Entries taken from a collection
# # # #

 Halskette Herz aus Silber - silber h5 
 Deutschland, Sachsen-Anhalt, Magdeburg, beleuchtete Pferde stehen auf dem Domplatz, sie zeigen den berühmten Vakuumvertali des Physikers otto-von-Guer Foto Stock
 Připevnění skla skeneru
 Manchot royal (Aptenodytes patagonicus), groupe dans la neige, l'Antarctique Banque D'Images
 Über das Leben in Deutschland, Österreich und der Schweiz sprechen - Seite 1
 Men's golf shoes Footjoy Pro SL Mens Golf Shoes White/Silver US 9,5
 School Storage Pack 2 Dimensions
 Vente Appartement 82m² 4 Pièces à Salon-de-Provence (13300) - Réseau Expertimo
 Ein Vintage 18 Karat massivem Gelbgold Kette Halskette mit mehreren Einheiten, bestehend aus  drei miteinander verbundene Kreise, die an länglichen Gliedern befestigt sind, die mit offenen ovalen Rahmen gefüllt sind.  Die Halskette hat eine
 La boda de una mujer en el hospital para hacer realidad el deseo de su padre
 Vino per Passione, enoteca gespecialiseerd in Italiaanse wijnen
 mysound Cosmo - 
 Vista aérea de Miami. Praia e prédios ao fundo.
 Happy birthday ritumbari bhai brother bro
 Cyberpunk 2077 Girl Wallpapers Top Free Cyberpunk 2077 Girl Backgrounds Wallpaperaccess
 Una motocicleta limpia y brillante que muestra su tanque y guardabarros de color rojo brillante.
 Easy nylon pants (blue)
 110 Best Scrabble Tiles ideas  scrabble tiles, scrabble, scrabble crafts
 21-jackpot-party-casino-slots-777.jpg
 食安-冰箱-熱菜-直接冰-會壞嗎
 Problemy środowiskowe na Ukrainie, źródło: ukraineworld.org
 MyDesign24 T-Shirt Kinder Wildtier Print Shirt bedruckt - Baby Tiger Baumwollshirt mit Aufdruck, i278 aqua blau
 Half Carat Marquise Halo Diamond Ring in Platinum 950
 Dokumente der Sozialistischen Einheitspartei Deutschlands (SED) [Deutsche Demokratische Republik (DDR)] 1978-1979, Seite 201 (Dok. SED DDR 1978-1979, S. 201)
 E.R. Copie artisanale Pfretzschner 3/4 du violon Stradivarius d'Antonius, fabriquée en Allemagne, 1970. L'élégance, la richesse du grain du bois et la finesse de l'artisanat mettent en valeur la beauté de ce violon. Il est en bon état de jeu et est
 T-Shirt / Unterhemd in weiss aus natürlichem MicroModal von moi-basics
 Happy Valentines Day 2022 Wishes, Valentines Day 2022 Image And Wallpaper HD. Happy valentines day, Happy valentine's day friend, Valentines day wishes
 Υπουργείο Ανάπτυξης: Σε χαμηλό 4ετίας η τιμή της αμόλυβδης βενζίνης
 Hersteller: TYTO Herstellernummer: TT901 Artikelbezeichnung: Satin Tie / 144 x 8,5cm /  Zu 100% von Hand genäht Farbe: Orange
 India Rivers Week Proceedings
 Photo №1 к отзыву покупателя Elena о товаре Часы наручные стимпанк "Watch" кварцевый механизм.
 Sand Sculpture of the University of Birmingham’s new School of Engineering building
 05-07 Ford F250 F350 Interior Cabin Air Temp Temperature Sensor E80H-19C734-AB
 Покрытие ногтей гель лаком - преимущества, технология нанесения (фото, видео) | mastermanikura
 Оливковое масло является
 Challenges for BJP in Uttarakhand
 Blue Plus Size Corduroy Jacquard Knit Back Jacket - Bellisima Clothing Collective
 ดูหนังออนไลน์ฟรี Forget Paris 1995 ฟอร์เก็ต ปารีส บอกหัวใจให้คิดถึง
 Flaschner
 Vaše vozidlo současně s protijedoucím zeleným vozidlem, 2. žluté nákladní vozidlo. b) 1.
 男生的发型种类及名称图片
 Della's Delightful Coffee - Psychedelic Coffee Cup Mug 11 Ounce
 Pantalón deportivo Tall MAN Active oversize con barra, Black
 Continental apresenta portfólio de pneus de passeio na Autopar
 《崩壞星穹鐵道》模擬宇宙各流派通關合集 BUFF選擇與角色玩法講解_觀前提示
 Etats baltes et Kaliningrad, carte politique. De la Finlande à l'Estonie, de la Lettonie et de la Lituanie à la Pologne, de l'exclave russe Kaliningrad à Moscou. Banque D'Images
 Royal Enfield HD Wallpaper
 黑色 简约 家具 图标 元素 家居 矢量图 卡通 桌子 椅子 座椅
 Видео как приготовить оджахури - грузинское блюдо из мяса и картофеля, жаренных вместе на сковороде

# # # #

* **What is being asked**
Collect every line above that contains the word "Happy".

* **Result**
 Happy birthday ritumbari bhai brother bro
 Happy Valentines Day 2022 Wishes, Valentines Day 2022 Image And Wallpaper HD. Happy valentines day, Happy valentine's day friend, Valentines day wishes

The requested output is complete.